İfade özgürlüğü ve toplantı gösteri hakkı
Açlık grevi eylemlerinin çözümüne katkı sunmak amacıyla HDP’li milletvekillerinin çevre illerden Diyarbakır’da bulunan Güven’in evine yürüyüş planladığını hatırlatan Zeytun, yürüyüş ve basın açıklamasının kolluk kuvvetleri tarafından engellendiği, milletvekillerinin ablukaya alındığı ve kendilerine darp ile hakaretlere varan eylemlerde bulunulduğunu dile getirdi. Anayasa’nın 34 maddesinde yer alan “Herkes, önceden izin almadan, silahsız ve saldırısız toplantı ve gösteri yürüyüşü düzenleme hakkına sahiptir” fiiline işaret eden Zeytun, yine toplantı, yürüyüş ve düşünce özgürlüğüne ilişkin düzenlemelerin yer aldığı İnsan Hakları Avrupa Sözleşmesi’nin (AİHS) 11. maddesi, 2911 sayılı Toplantı ve Gösteri Yürüyüşleri Kanunu 3/1 maddesi, Anayasası'nın 25 ve 26. maddelerini hatırlattı. Buna karşın kolluk görevlilerinin, kanuna aykırılık taşıyan ve dayanaktan yoksun mülki idare amirinin yasaklama kararıyla milletvekillerinin, gösteri ve yürüyüşlerinin engellenmeye çalışıldığını ifade eden Zeytun, dokunulmazlıklarına bakılmaksızın kolluk kuvvetlerinin, milletvekillerine yönelik kötü muamelede bulunarak suç işlediklerini söyledi.
Kolluk kuvvetlerine soruşturma talebi
Yasal bir hükmün uygulanması talebini içerir bir taleple yürüyüş gerçekleştiren ve Anayasal hakkın kullanımında ısrar eden milletvekillerinin, kolluk kuvvetleri tarafından keyfi, orantısız ve kötü müdahalelere maruz kaldığını vurgulayan Zeytun, “İnsan hakları savunucuları olarak bizler, bu hukuka aykırı ve keyfi uygulamaların Türkiye’nin ulusal ve taraf olduğu uluslararası sözleşmelere aykırı olduğunu belirtmekle birlikte bu eylemleri yapan kamu görevlileri hakkında soruşturma başlatılması gerektiğini hatırlatmak istiyoruz. Hakeza İçişleri Bakanlığının açıkladığı verilere göre 15 Şubat öncesi 735 kişi gözaltına alınmıştır.

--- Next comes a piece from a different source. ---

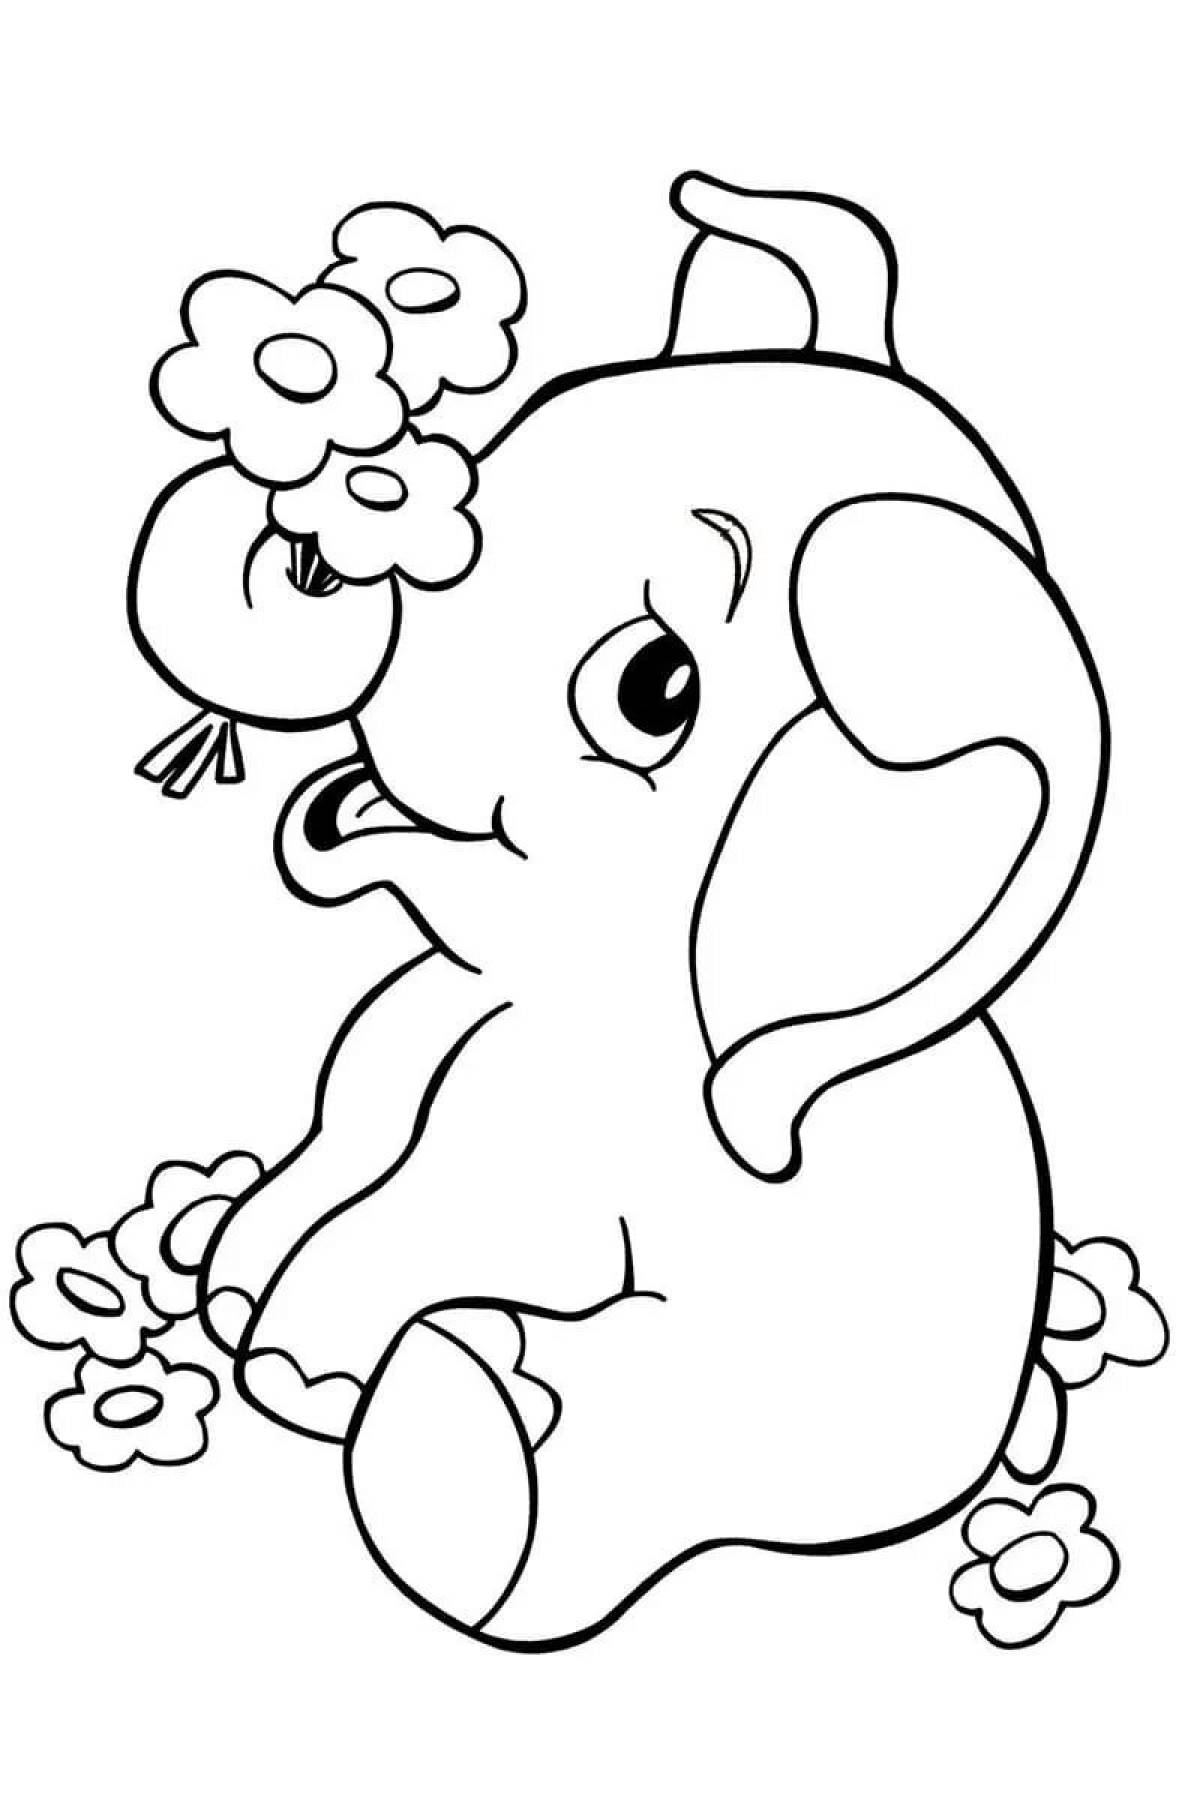 Animal drawings for kids #14

Kolluğa tanınan geniş yetkilerle artık şüphe dahi olmaksızın önleme göz altıların yaşandığı, ceza mevzuatının kollukça keyfi bir şekilde kullanıldığı bir ülke haline gelmiştir” diye konuştu.
Zeytun, güvenlikçi politika ve uygulamalarıyla Kürt sorunu başta olmak üzere tüm toplumsal sorunların çözülemeyeceğini, toplumsal barışın da ancak temel hak ve özgürlüklerin teminat altına alındığı demokratik hukuk devleti uygulamalarıyla çözülebileceğini söyledi. Keyfi yasaklama kararının birey ve toplumun toplantı, gösteri ve yürüyüş hakkına açık bir saldırı niteliğinde olduğunu sözlerine ekleyen Zeytun, toplumun ve milletvekillerinin bu denli baskı altına alınmasını kabul etmeyeceklerini ifade etti.